Virus control within the CNS

About this project

Even though virus infection of the central nervous system (CNS) is a relatively rare event, it causes high morbidity and mortality. Currently, efficacious therapies are very limited due to an incomplete understanding of molecular processes underlying anti-viral control and pathogenesis within the CNS. Upon intranasal instillation, VSV infects olfactory sensory neurons within the nasal epithelium and then moves within the axons into peripheral areas of the olfactory bulb (Detje et al., 2009). There, primarily astrocytes produce type I IFN that protects against lethal encephalitis (Detje et al., 2015). Between day 3 and 6 after infection microglia gets activated and proliferates in the olfactory bulb and accumulates in peripheral areas to form an innate immune shield. Interestingly, type I IFN receptor signaling of astrocytes and neurons is needed in order to obtain full microglia activation. Upon depletion of microglia, or after partial microglia activation, virus dissemination proceeds, which results in lethal encephalitis (Chhatbar et al., 2018).

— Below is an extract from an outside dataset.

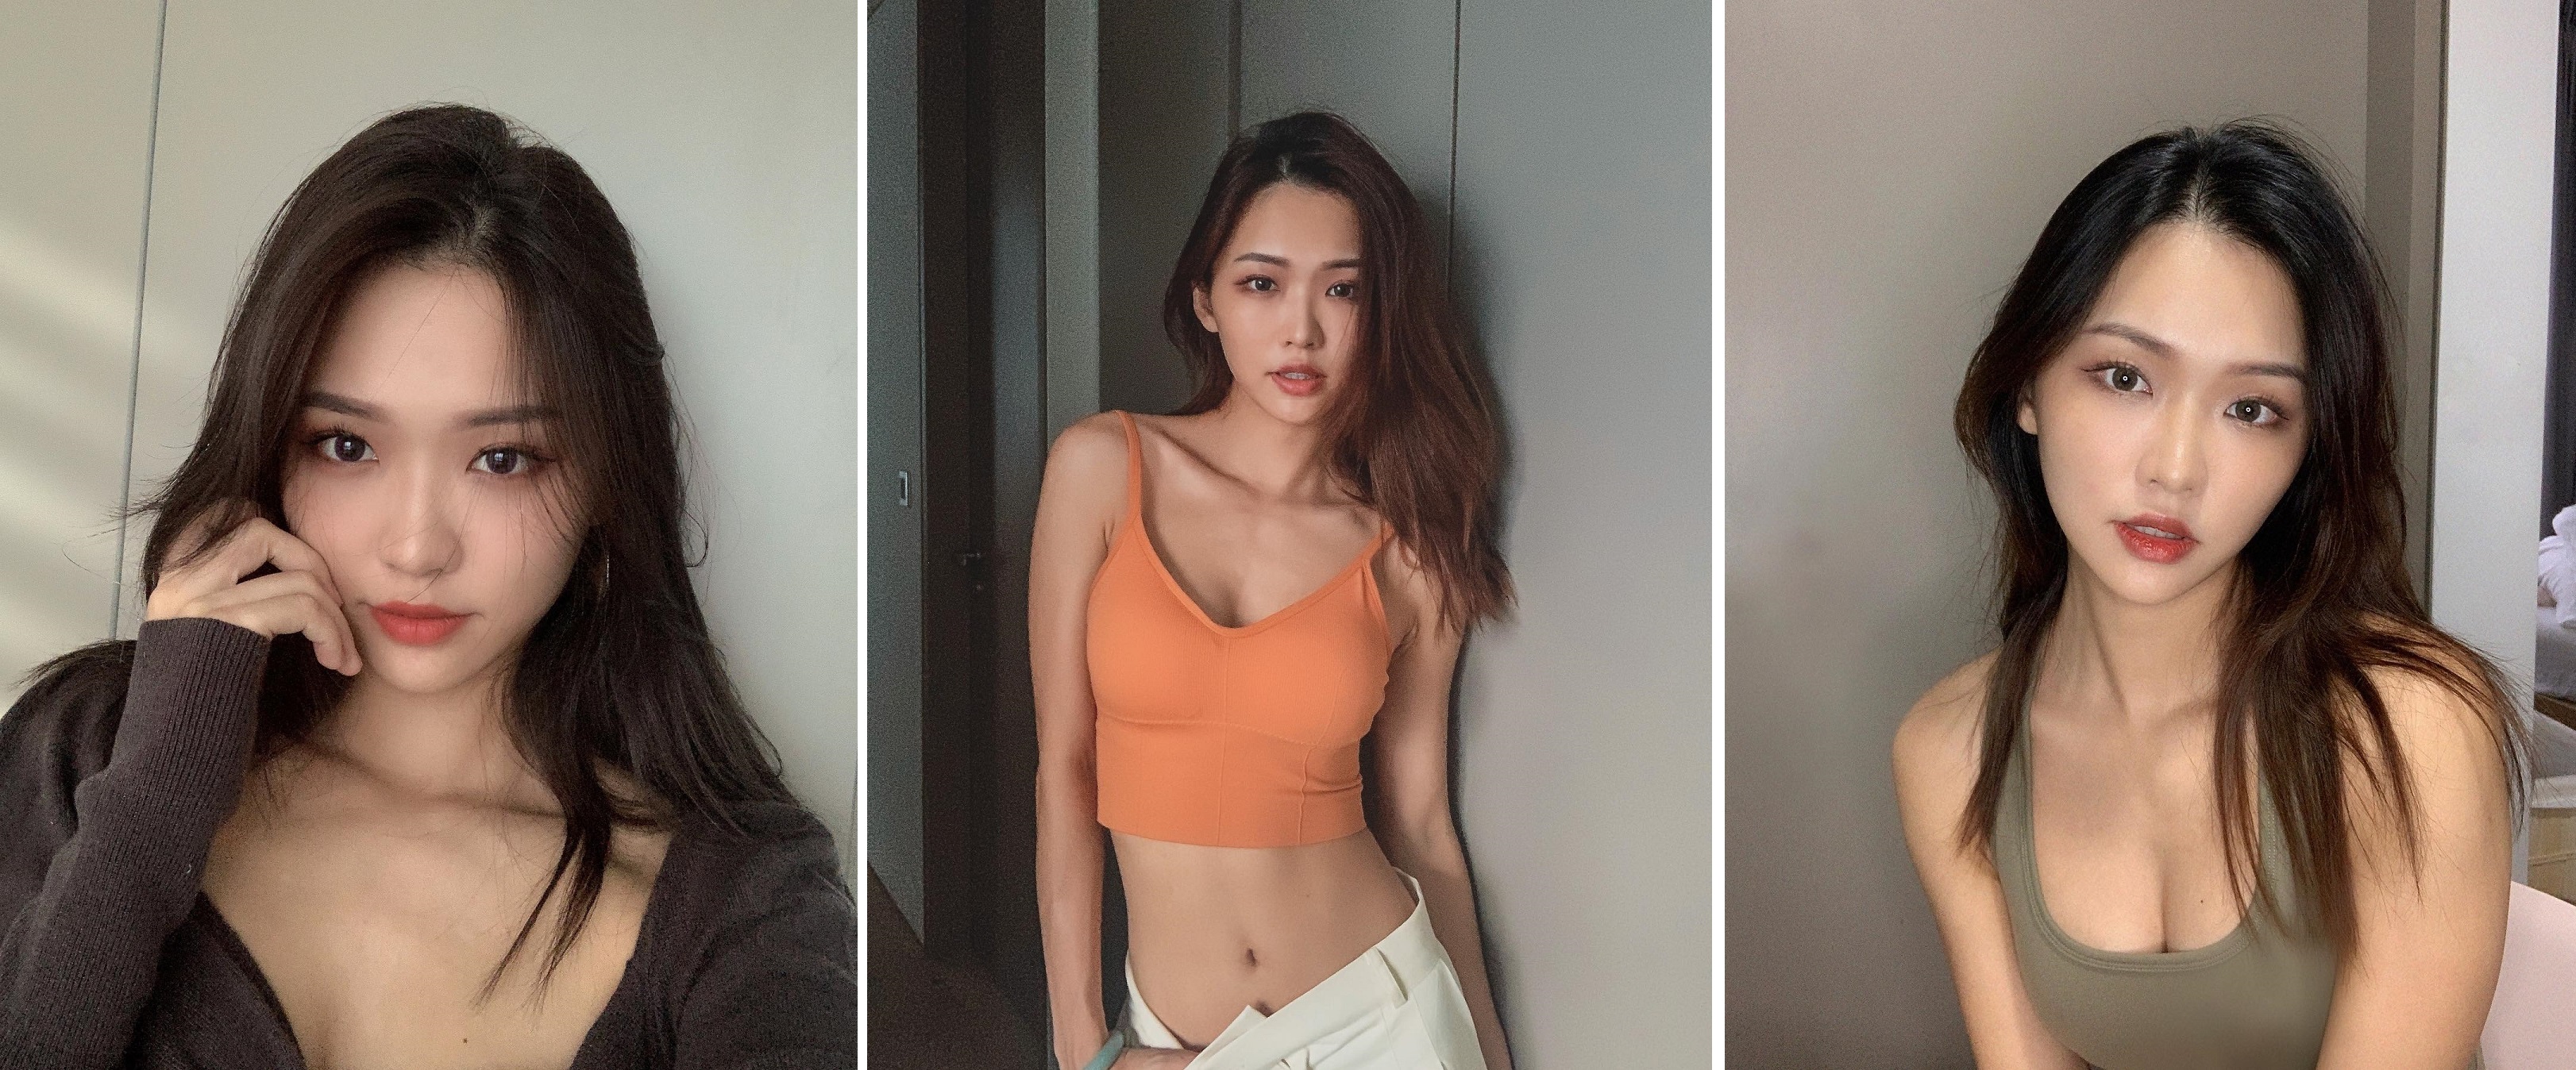 Instagram model from Singapore made $7.37 million in 10 days selling NFT photos

More recently we discovered that amongst day 6 infiltrating leucocytes CD8+ T cells are critically required to promote survival. We found that redundant RIG-I like receptor (RLR) and Toll-like receptor (TLR) signaling confers the induction of IFN-β responses within the brain, whereas only TLR signaling of astrocytes and neurons is needed to recruit leucocytes to the brain. Currently we are analyzing how herpes simplex virus type I (HSV) is sensed within the CNS and how type I interferon responses trigger protective immunity against this virus (Helmholtz Zukunftsthema “Immunology and Inflammation”).

Viral encephalitis often is associated with acute seizures and epilepsy resulting from hippocampal neurodegeneration. The relative roles of microglia versus monocytes in the development of seizures and epilepsy after viral encephalitis are only incompletely understood. In collaboration with Prof. Löscher, Institute for Pharmacology, Veterinary School Hannover, we are using genetic as well as pharmacological approaches to understand the role of microglia and monocytes in seizure development and hippocampal damage. Our studies show that infiltration of monocytes in the CNS after viral encephalitis is involved in seizure development, but does not seem to contribute to hippocampal damage (Waltl et al., 2018). Interestingly, lack of CCR2 and CX3CR1, two chemokine receptors that regulate the responses of monocytes and microglia, results in prevention of hippocampal damage, but not seizure development. Thus seizure development and hippocampal damage after viral encephalitis are outcomes of complex interactions between CNS cells, including microglia and infiltrating monocytes, and associated CNS inflammation due to encephalitis (Kaeufer et al., 2018).